Father Yarvi squatted in the shadow of the shield wall, yelling words in the Horse People’s tongue, giving Father Peace his chance, but no answer came but arrows, clicking on wood, flickering overhead. Someone cried out as a shaft found his leg.
“Mother War rules today,” muttered Yarvi, hefting his curved sword. “Teach them some archery, Rulf.”
“Arrows!” shouted the helmsman and Brand stepped back, angling his shield to make a slot to shoot through, Rulf stepping up beside him with his black bow full-drawn, string whining in fury. Brand felt the wind of the flying shaft on his cheek as he stepped back and locked his rim with Fror’s again.
A shrill howl echoed out as the arrow found its mark and the crew laughed and jeered, stuck out their tongues and showed their brave faces, beast faces, battle faces. Brand didn’t feel much like laughing. He felt like pissing.
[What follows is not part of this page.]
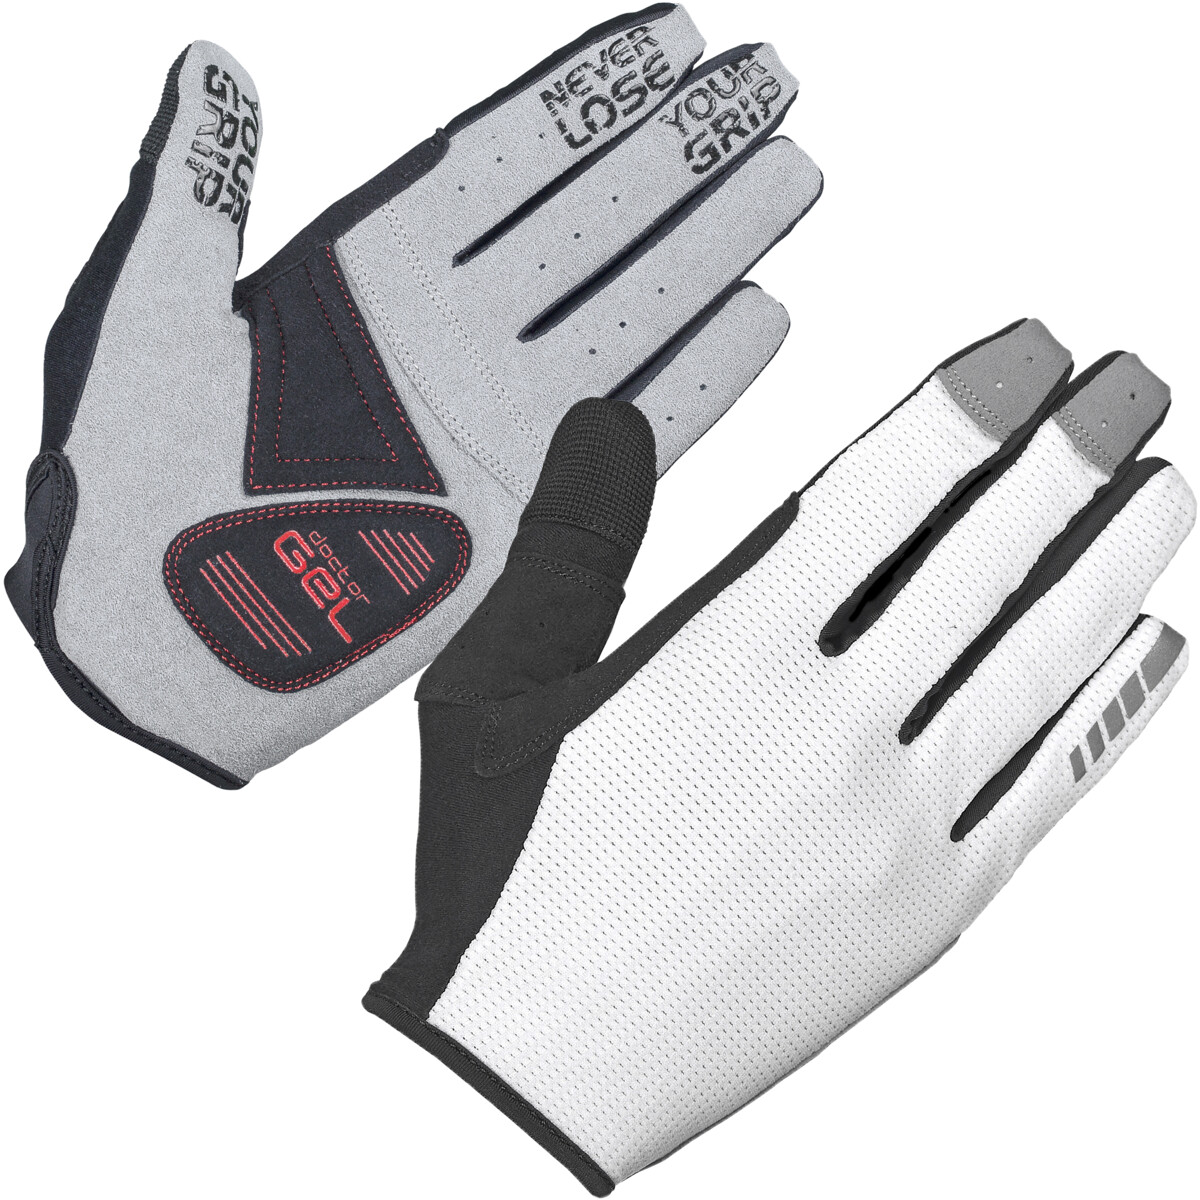 Shark handsker Hvid - M | GripGrab | varenr.: 104302015 | Køb

The Horse People were known for darting in and out, tricking their enemies and wearing them down with their bows. A well-built shield wall is hard to pierce with arrows alone, though, and that horn bow of Rulf’s was even more fearsome than it looked. With the height of their little hill he had the longer reach and, in spite of the years washed by him, his aim was deadly. One by one he sent arrows whistling down the grassy slope, calm as still water, patient as stone. Twice more the crew cheered as he brought down a horse then knocked a rider from his saddle to tumble through the grass. The others fell back out of his bow’s reach and began to gather.